Buffalo’s defense made a jaw-dropping leap in their coverage against tight ends from 2011 to 2012. According to Football Outsiders’ DVOA (Defense-adjusted Value Over Average), which measures performance on an adjusted per-play basis, the Bills climbed all the way from 22nd against the tight end in pass coverage to 2nd in 2012. In four meetings over those two seasons however, Patriots tight ends posted 30 receptions for 490 yards and seven touchdowns, scoring at least once in every game. During his time with the Jets, incoming defensive coordinator Mike Pettine’s unit jumped from a putrid 27th in ’11 to a mediocre 14th in ’12. Any regression to that mean for the 2013 Bills would make the opposing tight end a defensive liability, and history suggests that will be especially true against New England.

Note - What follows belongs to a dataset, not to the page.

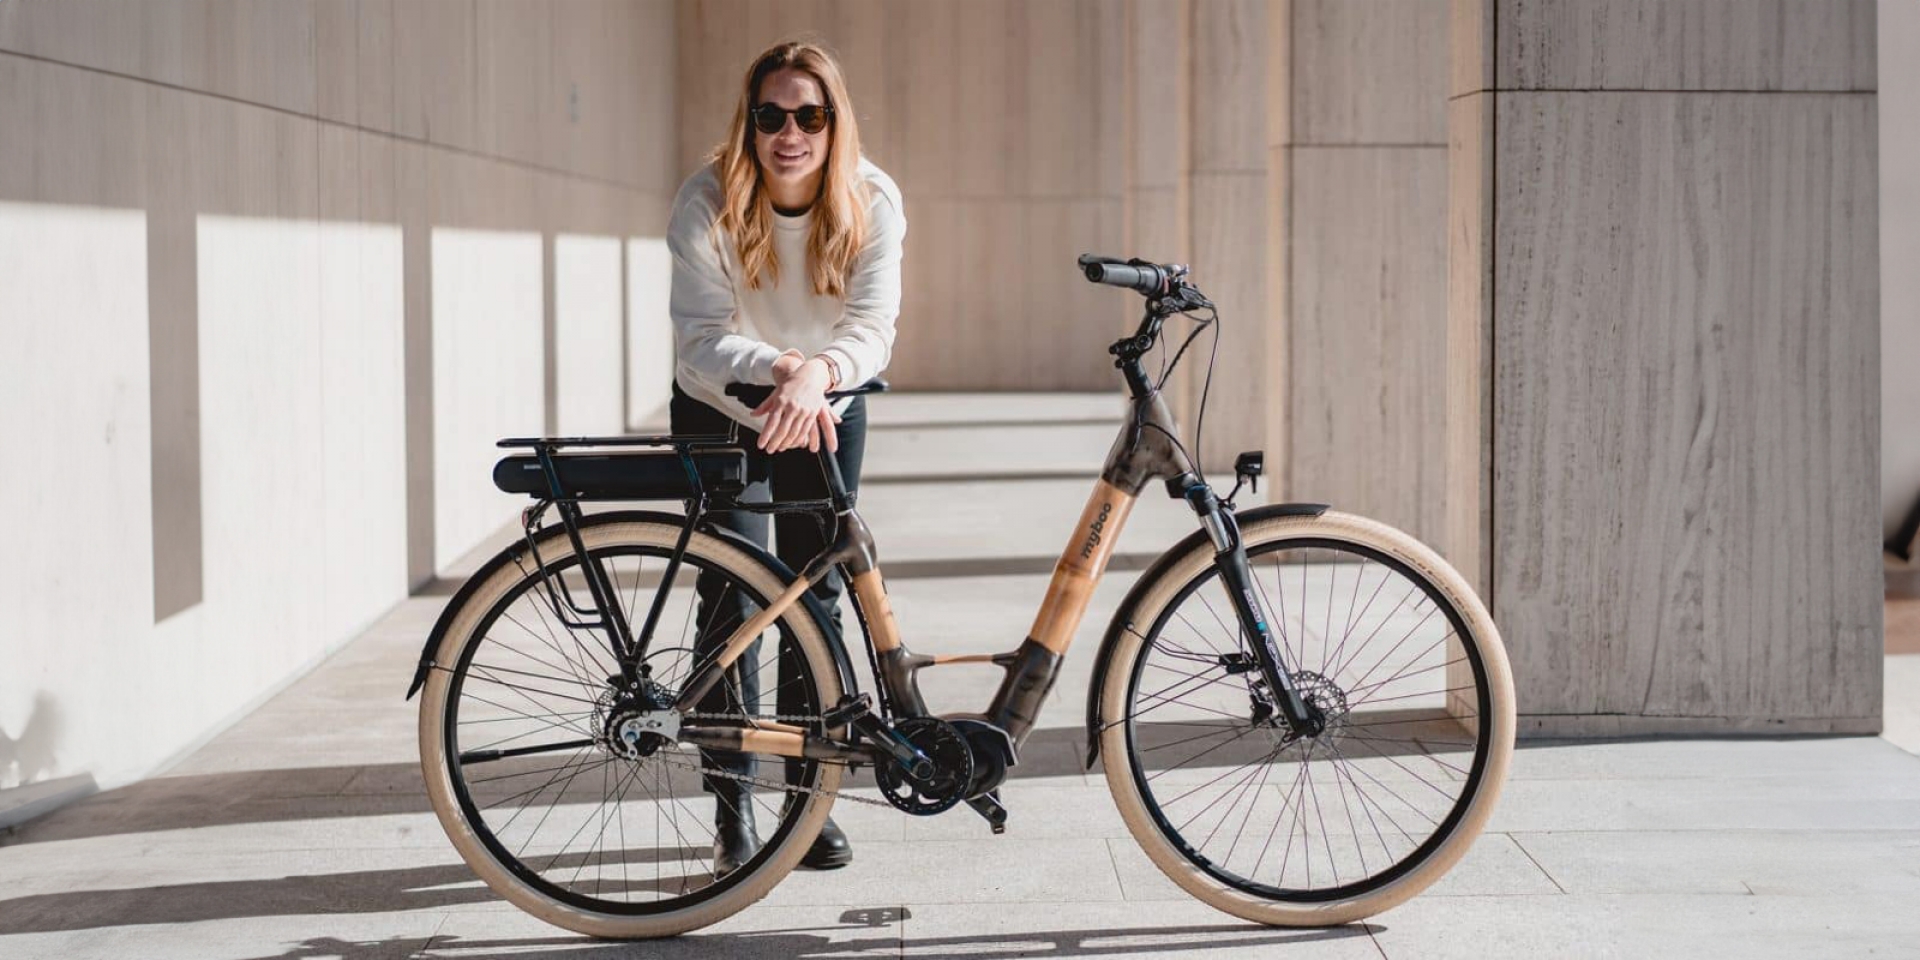 MyBoo 推出全新城市電動自行車 Bia E5000 和 EP6，竹製車架兼具環保與時尚

Clearly, the caveat is that Zach Sudfeld is no Rob Gronkowski (Aaron Hernandez dropped a monster performance on the Bills on New Year’s Day 2012, but was inactive for the other three meetings). Sudfeld will be a force to be reckoned with in the passing game, albiet less of a destructive force than Gronk, but his biggest contribution will be in how he helps the Patriots continue playing to their strengths in the running game.
In 2012, New England ran wild against Buffalo, particularly in the Week 4 debacle at the Ralph where alleged football player Brandon Boulden pranced his way to 137 yards and the Pats racked up 247 on the ground in total. A key reason that Buffalo could not muster so much as a challenge to New England’s running backs is that they were paralyzed by fear of Tom Brady from a schematic standpoint, committing to the nickel package that provided only two linebackers to chip in against the run. While this is primarily a response to Brady’s prowess and his plethora of targets, the Patriots have gained a distinct advantage in their two tight end sets by employing their bookends as powerful blockers being marked by linebackers and safeties in deference to their receiving skills. Unfortunately for Bills fans, Sudfeld is more than cut out to fill this role. According to the NFL Draft Report’s Dave-Te’ Thomas, Sudfeld led FBS tight ends with a 94.69 blocking consistency grade in 2012 and served as the lead blocker in 24 touchdowns, including 19 rushing scores. Eleven of those tallies came between the tackles, an area Sudfeld figures to man in Hernandez’s absence.*
With the injury to Stephon Gilmore and the release of Bryan Scott, who often drew the assignment of covering the opposing tight end last year, the Bills are ill-equipped to contend with a Brady-led passing attack geared toward Sudfeld’s position. If he is able to make plays downfield in the passing game, fans can take solace in the poor match-up and hope for more success down the road. The true test of Sudfeld’s impact will be if he can serve as a key blocker in a running attack that absolutely brutalized Buffalo’s defense in 2012. If Pettine and company cannot work their way past an undrafted rookie in such a crucial role, there will be reason for legimate concern with this year’s defense, and Zach Sudfeld will become the newest name in a long line of Patriots trying to ruin my life.